В процессе коммуникации «текст вообще» становится «текстом для себя» через обретение смысла для индивидуума. Смысл является прежде всего в диалоге, как процессе, направленном на распредмечивание.

Рассмотренная формула принципиальной совместимости объект-языка мифа и субъект-языка индивида в пределах одного мифомира принципиально «не работает» в отношении парадигмы «объект-язык данного мифа – субъект-язык индивида-носителя другого мифа».

Язык (начиная с естественного национального языка) существует в разных ипостасях: не только как средство открытости, но и как средство закрытости от других. Он служит еще и средством отгораживания от внешнего мира, замыкания культуры в себе, и в этом смысле – способом ее самосохранения. Это избранный культурой способ быть непроницаемой для чужого взгляда.
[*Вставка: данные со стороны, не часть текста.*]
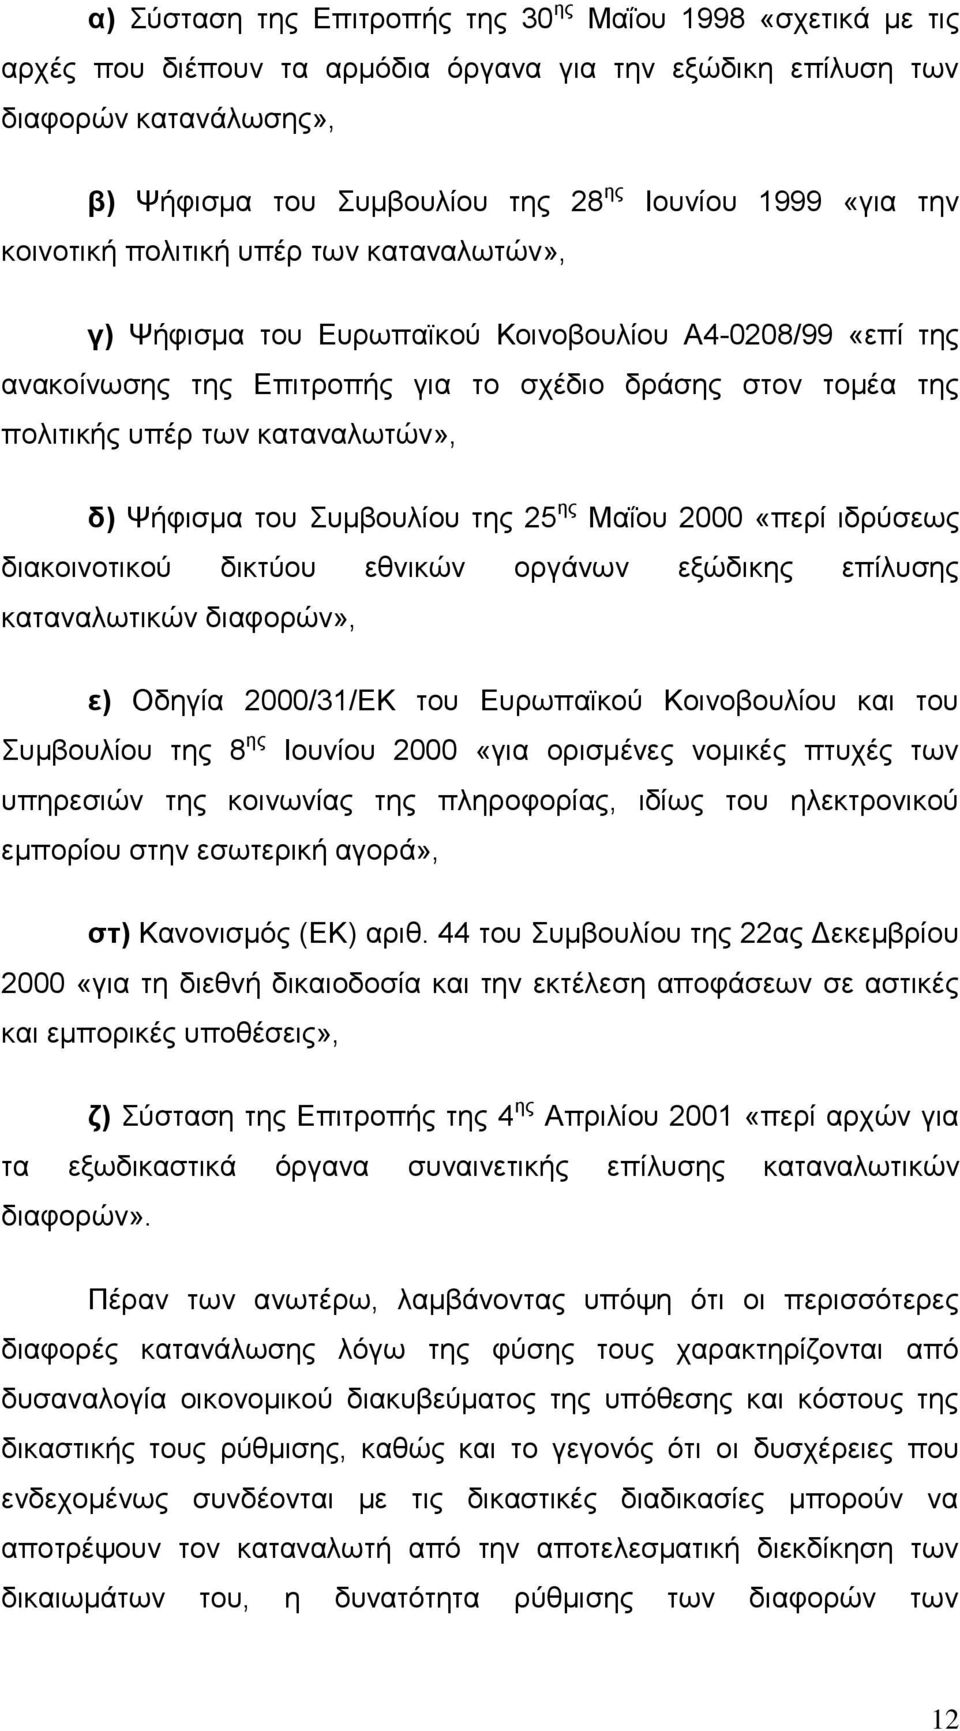 καταναλωτών», δ) Ψήφισμα του Συμβουλίου της 25 ης Μαΐου 2000 «περί ιδρύσεως διακοινοτικού δικτύου εθνικών οργάνων εξώδικης επίλυσης καταναλωτικών διαφορών», ε) Οδηγία 2000/31/ΕΚ του Ευρωπαϊκού

Впрочем, язык – не только препятствие к внешней коммуникации. Отличие человеческого языка от языка животных, носящего сигнальный характер, очевидно. Здесь таится еще одно, уже собственно языковое, качество, усугубляющее различие между «объект-языком» мифа и «субъект-языком» индивида в их вербальной ипостаси. Язык умножает смыслы – и тем самым препятствует коммуникации внутренней, главное достоинство которой – однозначность сигнала. Слово в языке выступает как способ игры с миром, эксплуатируя свою многоуровневость и многомерность, сообщая ее и соответствующему мифомиру.

Язык в национальной культуре является первичной знаковой системой, основным естественным мифологическим "экраном", через который сознание воспринимает мир. «Люди разных языков находят общие мысли. Но мысль, усвоенная при помощи чужого языка, становится по-настоящему своей, когда она может быть выражена на собственном языке. При этом язык вовсе не остается безразличным к мысли. Он сам совершенствуется, чтобы стать вровень с мыслью, ему еще не знакомой, и совершенствует или, во всяком случае (преимущественно на первых стадиях), приноравливает к местным условиям извне пришедшую мысль».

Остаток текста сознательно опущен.